Google’s DeepMind has been pushing on both halves at once. Their SIMA work, the Scalable Instructable Multiworld Agent, is a generalist agent that follows natural-language instructions across many different 3D games, and its second version from November 2025 puts Gemini at the centre as the reasoning core. Alongside it sits Genie 3 from August 2025, a world model that spins up an interactive, navigable, real-time environment from a text prompt, a world you can actually move around inside as it is generated. The pairing is the obvious one: drop the agent into the generated world and let it learn there, which is the dream-training of the original paper scaled up to environments conjured on demand.

NVIDIA has staked out the infrastructure layer with Cosmos, a platform of pretrained world foundation models aimed squarely at physical AI, robotics, and autonomous vehicles. Its pitch is less about a single flashy demo and more about generating large amounts of photorealistic, physics-respecting synthetic data, the augmentation and simulation that downstream models for cars and robots are trained against, which is its own quiet argument that the most immediate use of a world model is as a factory for experience that would be too expensive or dangerous to collect for real.

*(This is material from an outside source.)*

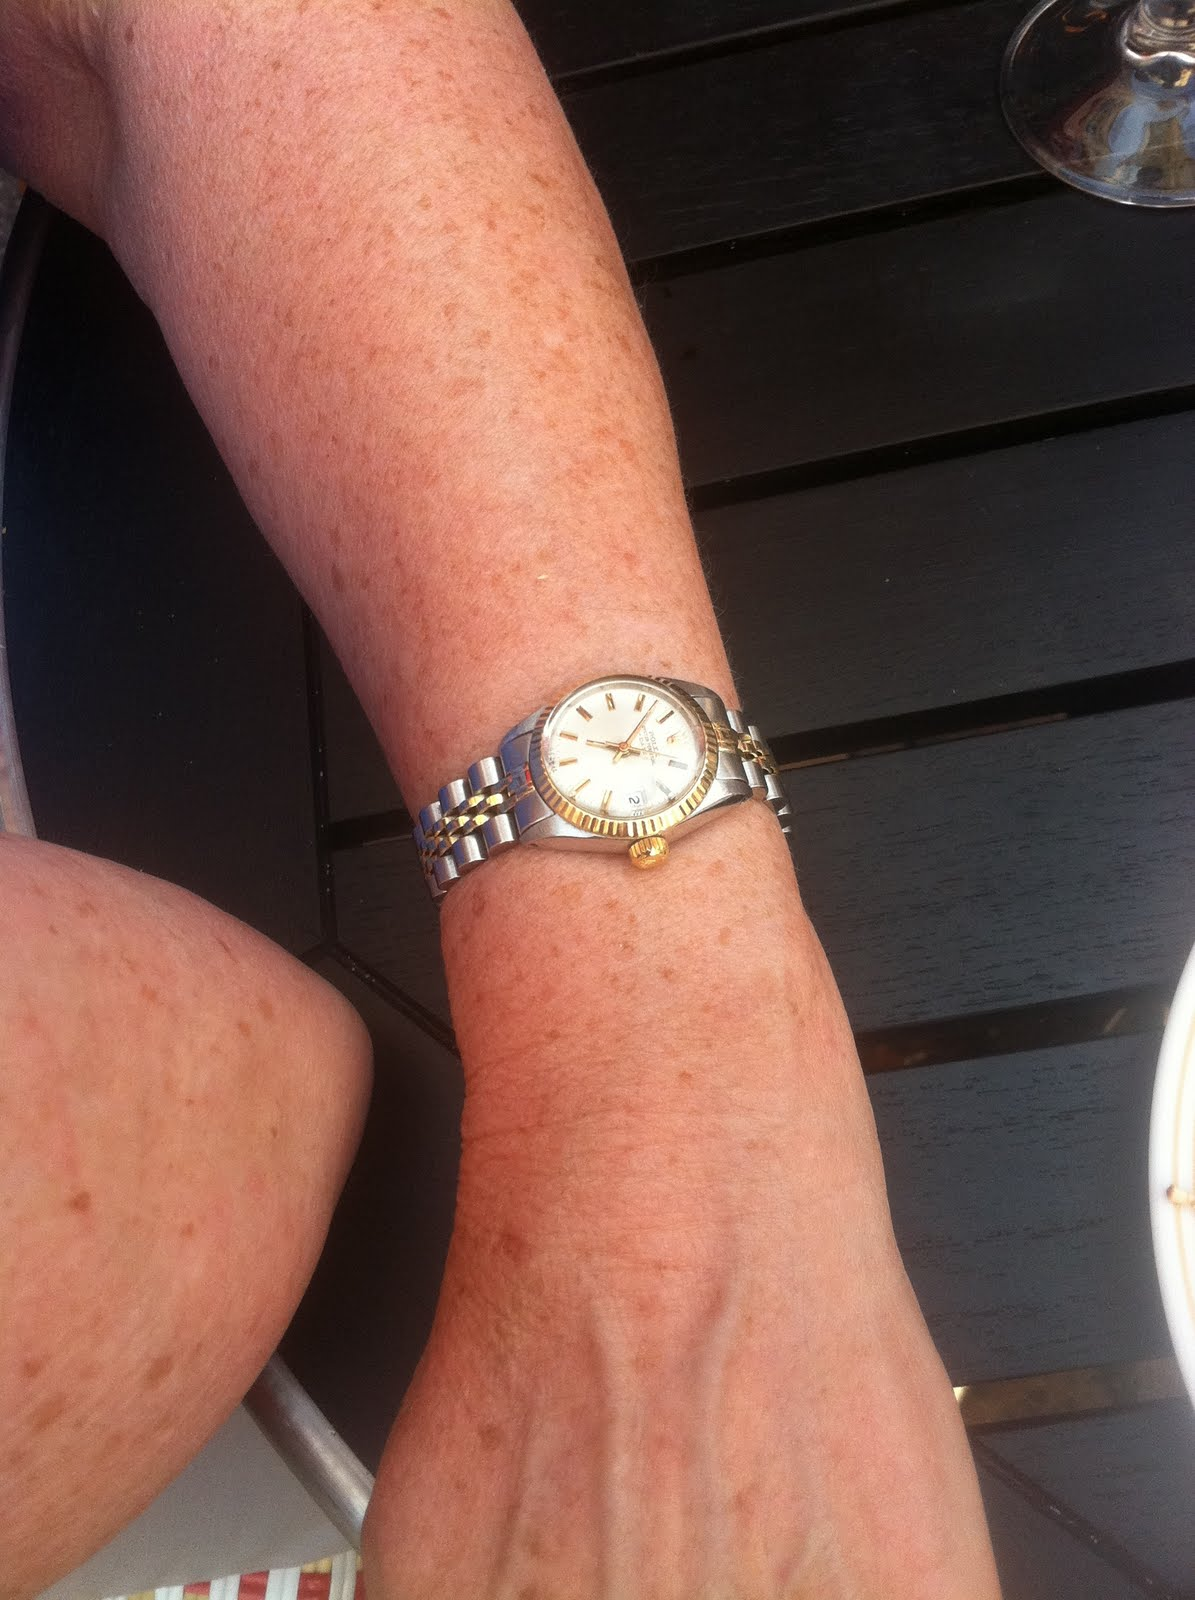 Montre Rolex Femme Or Rose Et Acier

What they are actually for

Pull back and the same capability is doing the work in several places at once. A world model that can roll an environment forward convincingly is what lets you generate video that holds together over time, train a self-driving car against millions of simulated miles it never had to drive, and bring a factory robot up to competence in simulation before it touches a real production line, all of which are the same trick of practising in a learned world where mistakes are cheap.

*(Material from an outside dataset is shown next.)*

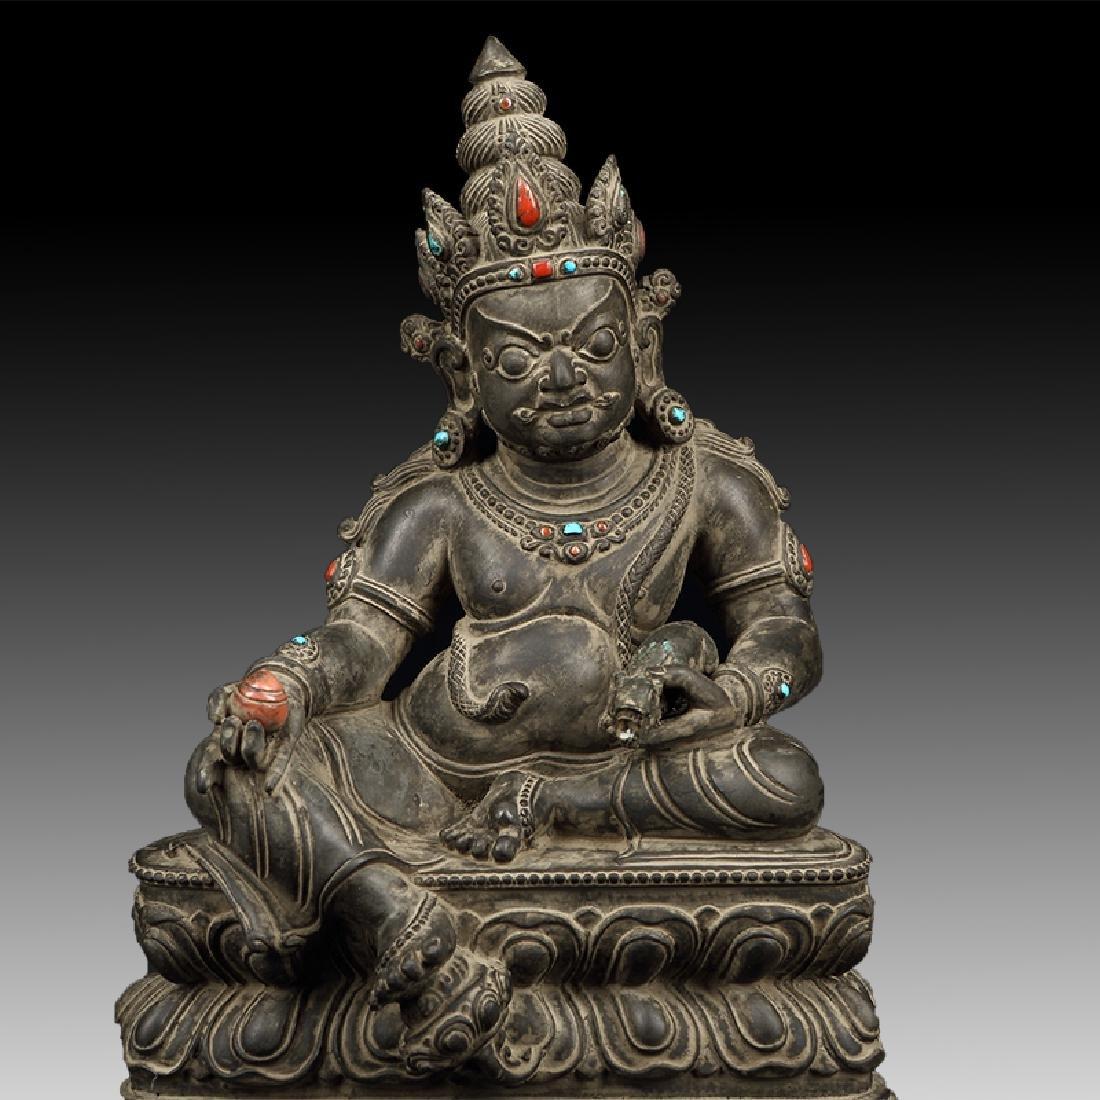 Chinese Antique Stone Buddha - 5

The one claim in this neighbourhood worth handling carefully is that a video generator like Sora is itself a world model. OpenAI has framed its video models as world simulators, and the framing is not unreasonable, since to generate a coherent clip you do have to model something about how scenes evolve. But it is contested rather than settled: critics, LeCun among them, point at the physics violations that still slip through, objects that pop into existence or float free of gravity or fail at object permanence, as evidence that a model can produce a plausible-looking video while not actually having a stable model of the world underneath. It is the cleanest illustration of the open question these notes keep circling, which is whether predicting the surface of the world well is the same thing as understanding it, or only a very good imitation of doing so.

Takeaway

The thread running through all of it is the bet that the next big capability comes from models that carry a runnable simulator of the world rather than a description of it, and that you can then have them learn by acting inside that simulator instead of inside reality. The 2018 paper is the clean statement of the idea, vision compresses, memory predicts a distribution over what comes next, a tiny controller acts, and the agent can be severed from the real environment once the simulator is good enough. Everything since has been an attempt to scale that from toy games toward something general, with World Labs building the space, General Intuition and DeepMind building the agents that act in it, NVIDIA building the data factory underneath, and the humanoid companies trying to stand the whole stack up on two legs.

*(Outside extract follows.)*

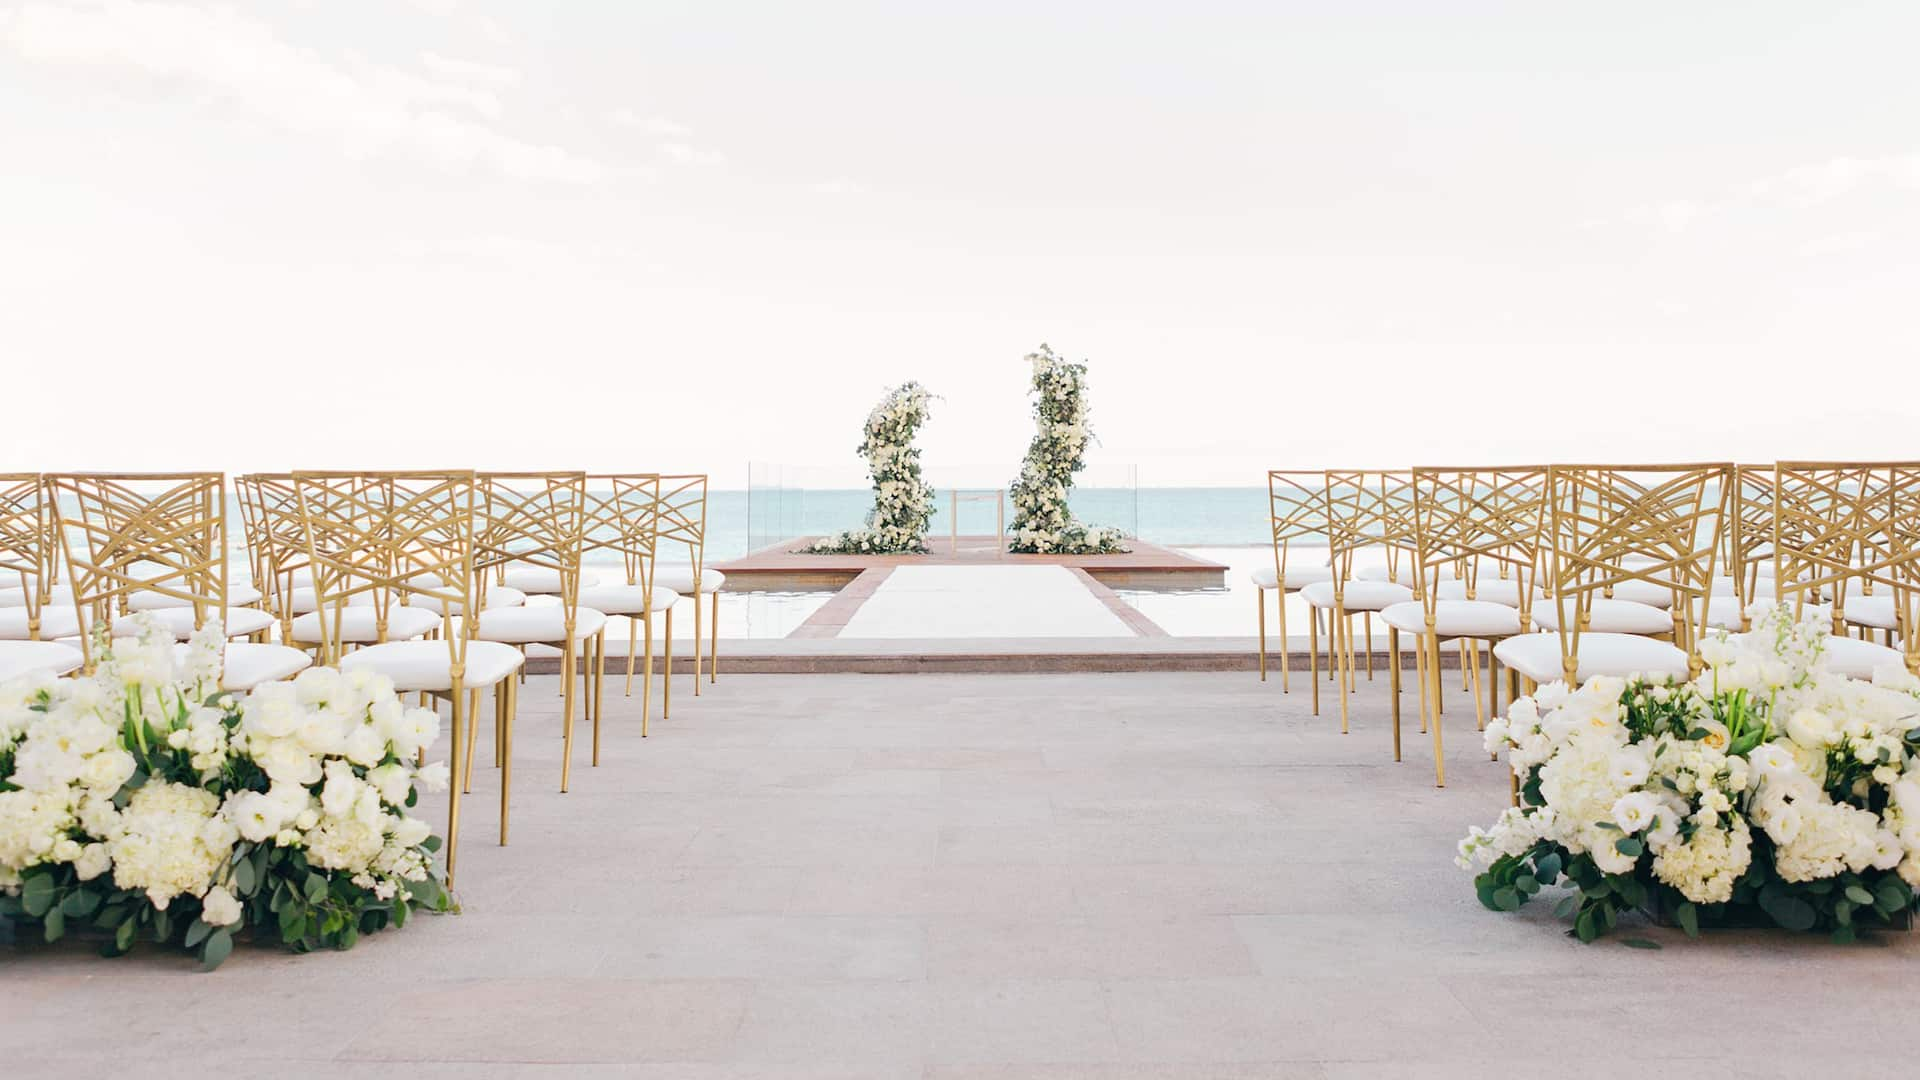 CUNPC_P579 Wedding Ceremony Set

Whether it gets to the generality that made language models a foundation rather than a collection of bespoke simulators is genuinely not yet known, and the Sora debate is a fair warning that fluent prediction can outrun real understanding for a good while before the gap shows. But of the directions on offer it is the one that most resembles how a person actually comes to know the world, by building a model of it and rehearsing inside, and that resemblance is reason enough to keep watching where it goes.